Jasjeet Sekhon is Jasjeet Sekhon, and whatever flaws in his methodology are his own.
can someone test these speeds/performance/usability:
linux-os installed and benchmarked by a linux-os geek,
mswindows installed and benchmarked by a mswindows nerd,
osx (ppc/x86) installed and benched by an osx warrior.
all on equal hardware ofcourse, 1 meter above sealevel and roomtemperature should 21 degrees celcius.
(try a cray installed and benched by a cray professor too!)
well iam just curious…
What a brilliant article! We should have more of these! Instead of “Why I will never buy a Mac/Why I will buy a Mac again” nonsense. The joy of reading it was immense, it was like a bright light illuminating a dark path of zealotry and nonsense that’s everywhere these days.

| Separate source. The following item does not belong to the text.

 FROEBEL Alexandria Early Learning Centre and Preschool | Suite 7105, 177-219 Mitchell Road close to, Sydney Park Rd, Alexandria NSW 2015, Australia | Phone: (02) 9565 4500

I don’t have a machine running Linux handy, but I do have a FreeBSD 5.4 machine, and Sekhon seems to hold BSD in high esteem.
Shouldn’t the title be:”BSD vs OSX?
While its a nice explaination of why OSX is slower… OSX IS STILL SLOWER.

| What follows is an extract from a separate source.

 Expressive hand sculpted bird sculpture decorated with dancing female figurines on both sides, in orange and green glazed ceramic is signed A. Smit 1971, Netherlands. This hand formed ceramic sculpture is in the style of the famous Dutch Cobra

A G5 is based on the IBM P5 processor. My G5 dually
blow away the benchmarks. Apple lied, the g5 is more effecient than the duo. Apple is just switching because they want to build cheap boxes. the g5 processor is not cheap. If you ask me Apple should of designed the nest generation mac around the Cell processor. If you don’t know what it is look it up. The Cell processor is going to be hot. My next Linux desktop will be based on that.
For now my dual linux / osx G5 w/8GB RAM will serve me fine.
1) The G5 is based on the Power4 processor, not the Power5.
2) It depends substantially on the benchmark. The Core Duo beats the G5 on integer tasks, and unoptimized floating-point code. The G5 wins in vector computations and highly optimized floating-point code. The former types of code are much more common than the latter.
3) Yeah, great, then we’d have a Mac with the integer performance of a 1.5 GHz Netburst Celeron…
4) The G5 is actually quite cheap, with a die size of about 65mm^2 in the single-core incarnation. The Core Duo is more expensive, being about 100mm^2, and being built on a more cutting-edge 65nm process.